On December 19, 2008, China Health Resource, Inc. (the “Company”) and Mr. Lei Guo, as a trustee (the “Trustee”), entered into a Contract of Lease of Property (the “Lease Agreement”) for forestry property (the “Leased Property”) of approximately 3,262 acres located in Heiwengtang Valley, Xianping Forestry, Pingwu County, Mianyang City, Sichuan Province, People’s Republic of China (“PRC”). The Trustee, a PRC citizen, holds the Leased Property pursuant to a Property Trust Agreement under Chinese law, dated December 16, 2008 (the “Trust”), the trustor and beneficiary of which is Sichuan Yinfa Resource Development Co., Ltd., a PRC company (“Yinfa Resource”). The Company’s President, Mr. Jiayin Wang, is the controlling shareholder and founder of Yinfa Resource.
The Company will use the Leased Property for commercial planting. The term of the Lease Agreement will begin on December 30, 2008 and will expire on December 30, 2039. The Trustee will deliver the Leased Property to the Company no later than December 30, 2008. The fixed rent under the Lease Agreement is US$5,775,994 for the full lease term, of which US$5,710,994 will be paid on December 30, 2008 by a Convertible Promissory Note (the “Note”), as described below, and the remaining balance through the issuance of 43,000,000 shares of the Company’s Class A Common Stock (the “Common Stock”) to the Trustee. The Note and the Common Stock are being issued in reliance upon an exemption from the registration requirements of the U.S. Securities Act of 1933, as amended, in accordance with Regulation S.

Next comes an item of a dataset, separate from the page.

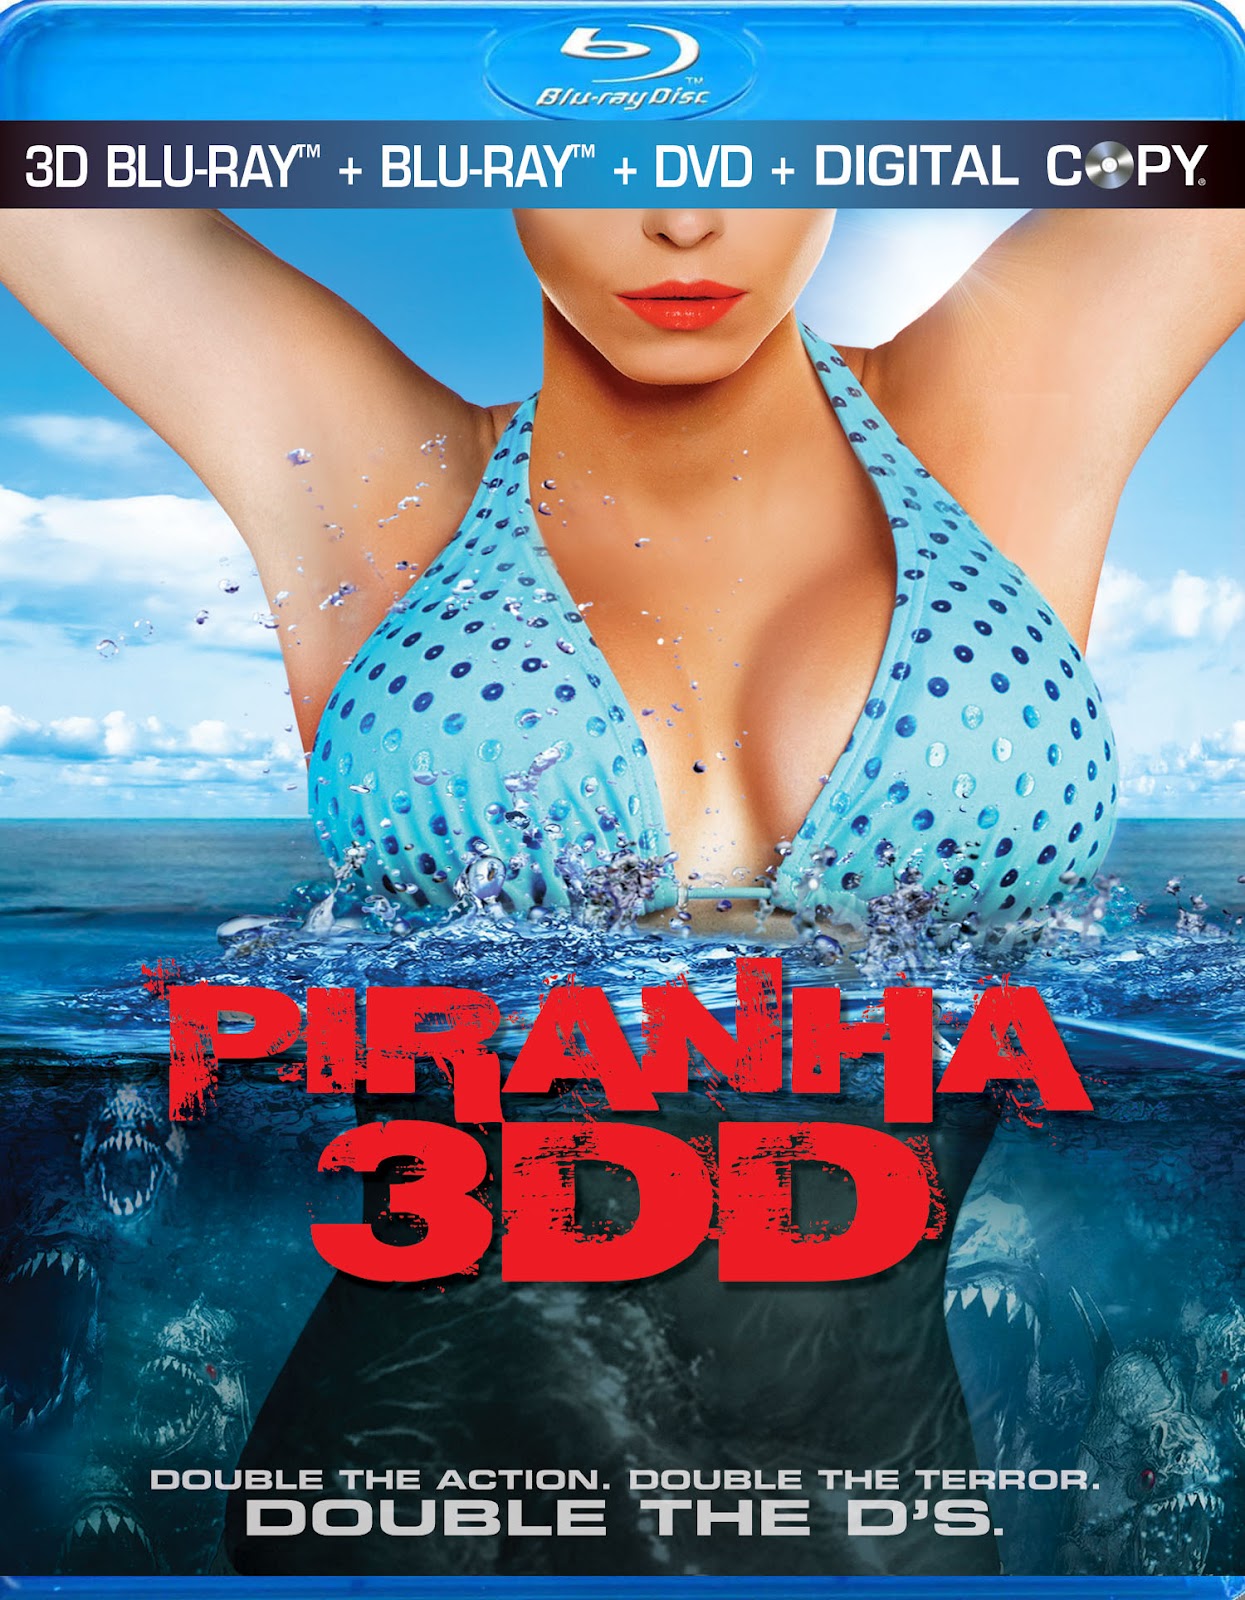 HQ Piranha 3DD Wallpapers | File 404.03Kb

The Note will be issued to the Trustee on December 30, 2008, in the principal amount of US$5,710,994, with interest at the rate of four percent (4%) per annum. The outstanding principal amount and accrued interest under the Note are automatically convertible into the Company’s Common Stock in four (4) tranches over a period of two (2) years, at the conversion rate based upon the closing bid price per share for the Class A Common Stock as quoted on the OTC Bulletin Board or, if the Common Stock is listed on a national securities exchange, at the closing price per share, in each case determined five (5) days prior to the conversion date.
The foregoing is intended only as a summary of the terms of the Trust, the Lease Agreement and the Note. Please refer to the Trust, filed as Exhibit 10.1 hereto, the Lease Agreement, filed as Exhibit 10.2 hereto, and a form of the Note, filed as Exhibit 10.3 hereto, for the complete terms.
Item 2.03 Creation of a Direct Financial Obligation or an Obligation under an Off-Balance Sheet Arrangement of a Registrant.
The disclosure in Item 1.01 above is responsive to this Item and is incorporated herein by reference.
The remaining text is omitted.